I support the decision to allow broadcasting only for matrices and not for vectors. I don’t think we need to remove the vector case completely (we need to remove stacks of 1-D vectors).

Let’s think of linalg.solve(x1, x2) function as an efficient shortcut for linalg.inv(x1) @ x2. linalg.inv preserves the shape of the input, so the answer to the question of what shapes and broadcasting should be allowed for the solve function could be “do the same as @/__matmul__ allows”. Also I think the following comparison should run without errors: x1 @ np.linalg.solve(x1, x2) == x2. Currently, it would fail for x1 with shape (2, 3, 3) and x2 with shape (2, 3) even though np.linalg.solve(x1, x2) runs fine. It leads to the suggestion that a stack of 1-D vectors should not be allowed.

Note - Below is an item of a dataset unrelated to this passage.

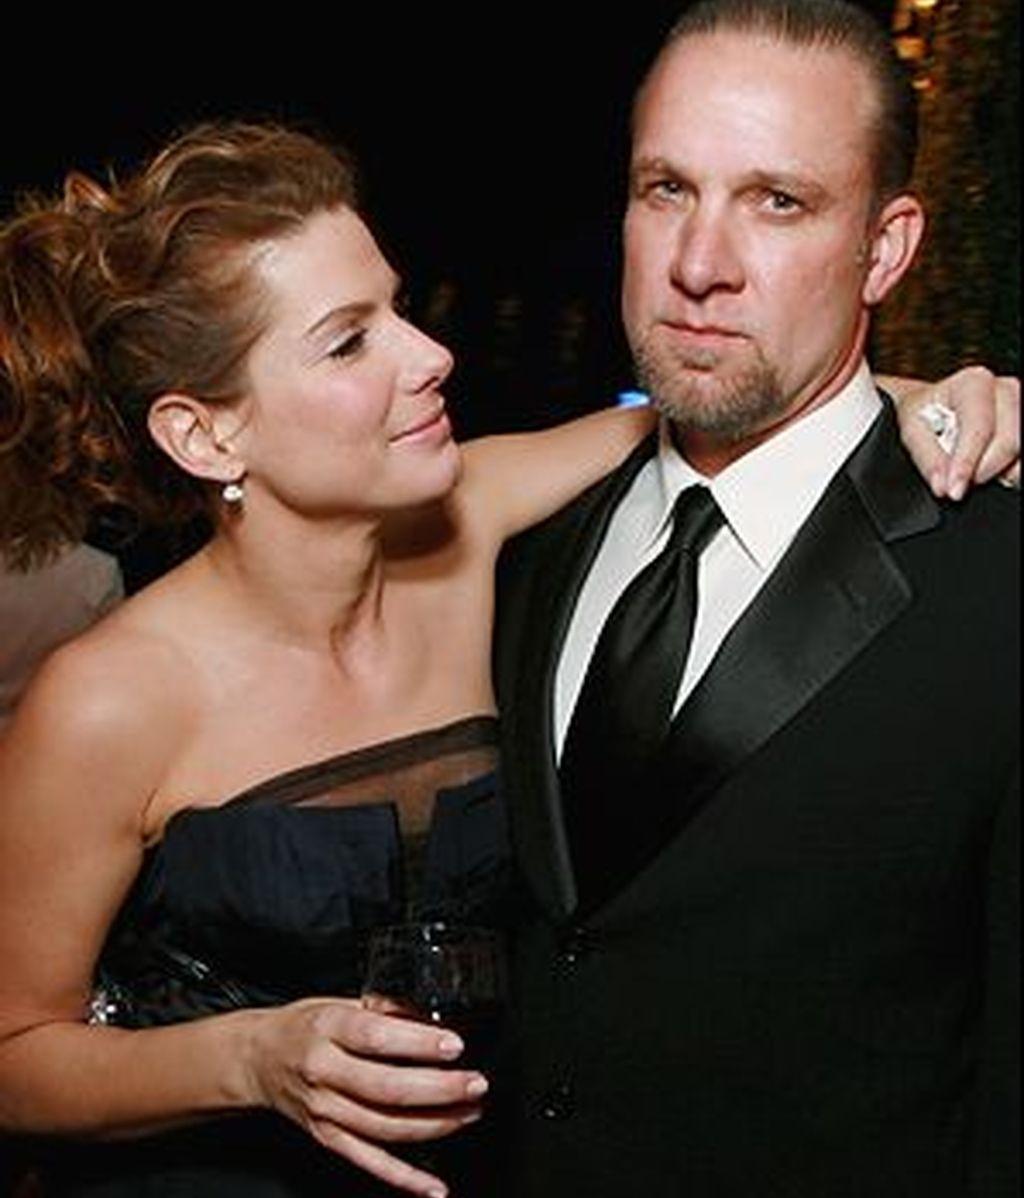 Jesse James y Sandra Bullock pocas semanas atrás cuando todavía eran una pareja feliz.

  1. x1 with shape (M, M) and x2 is a stack of vectors with shape (1000, M); it is 1000 calls to LAPACK API if no reshaping of x2 to (M, 1000) is done.

@IvanYashchuk As I mentioned in yesterday’s call this is not the case. There are ways to make only 1 call, which is an implementation detail, so this alone is not enough to justify the API design decision we agreed upon.

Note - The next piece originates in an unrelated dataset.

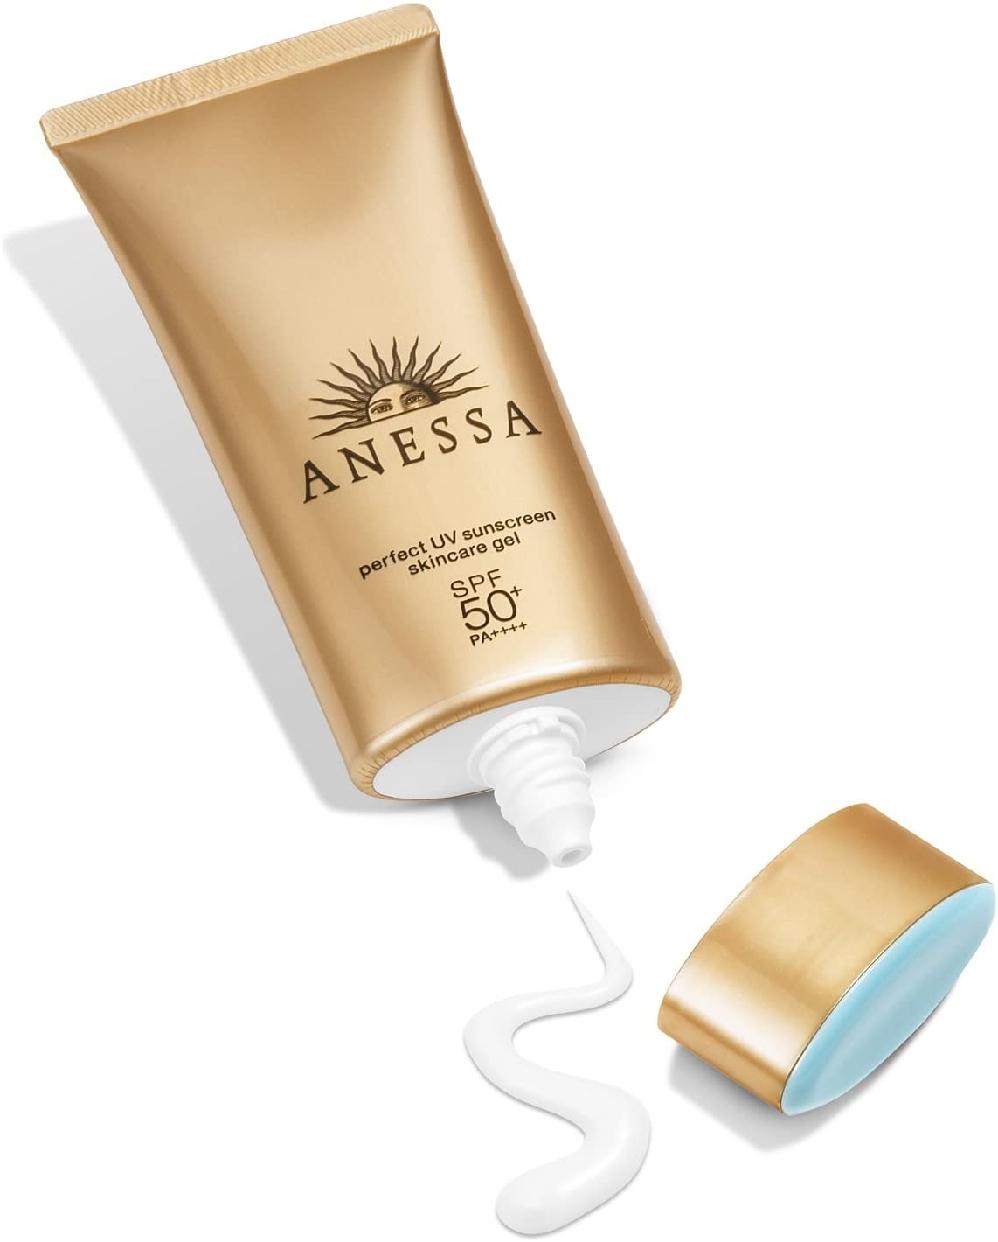 ANESSA(アネッサ) パーフェクトUV スキンケアジェル aの商品画像10

Please also adjust the docstring of linalg.solve accordingly.

Returns the solution to the system of linear equations represented by the well-determined (i.e., full rank) linear matrix equation AX = B .

Should be replaced by something like: Return the solution to the linear matrix equation `AX = B` with full rank `A`.

Talking about a system of linear equations is highly misleading, as people stated previously, one should think of linalg.inv(x1) @ x2 instead. Or maybe write that explicitly?

Can we also put some help, how to solve a system of linear equations? Is the right way to use:

x = linalg.solve(A, b[..., None])[..., 0]

or do I need some fancy broadcasting and moving of axes, like

shape = b.shape
A, b = np.broadcast_arrays(A, b[..., None])
b = b[...,0].reshape(-1, shape[-1]).T
x = linalg.solve(A, b).T.reshape(shape)

to benefit from the batched LAPACK calls?

Sorry for all the ruckus, but solving systems of linear equations is one of the most common tasks for me, and of course I want my functions to behave like gu-functions.

@leofang Already on today’s agenda. 😅

I’d argue that supporting (..., M, K) has been one of the poor, legacy design decisions made in NumPy. Since we’ve been trying to avoid some of such decisions in the spec, we might as well follow the same route here and not support it.

My argument is

  1. I don’t see why we can’t place K into the stack dimensions and let the solver internally broadcast it for us; this should be possible (with well-defined semantics):
    • x1 with shape (..., M, M) and x2 with shape (M,)
    • x1 with shape (..., M, M) and x2 with shape (..., M)
    • x1 with shape (..., M, M) and x2 with shape (..., K, M) for K columns: Internally the solver can reshape x1 into (..., 1, M, M) and then it’d be broadcastable
  2. Mathematically it’s unintuitive as for what’s going on in terms of tensor contraction, like @DerWeh rightfully pointed out

If we had more time I’d prefer us to get other library developers involved and/or do a downstream survey… but considering the approaching deadline how about we discuss and decide in today’s call @kgryte?

Thank you, Aaron! Indeed, I missed the broadcasting behavior, and always calculated the batch array from x1.shape[:-2] to determine how to interpret x2. But, from my mistake we can see a possibility to remove the ambiguity.

My preference would be also to “disable a stack of 1D vectors”, but to do it the other way around: disable the possibility of x2 having shape of (..., M, K). The factor K there is never intuitive to users (not to me, at least), especially when we also accept prepended batch dimensions “…” for x2. If we want batches, we should always make it prepended. This also allows a unique broadcasting behavior for “a stack of 1D vectors”.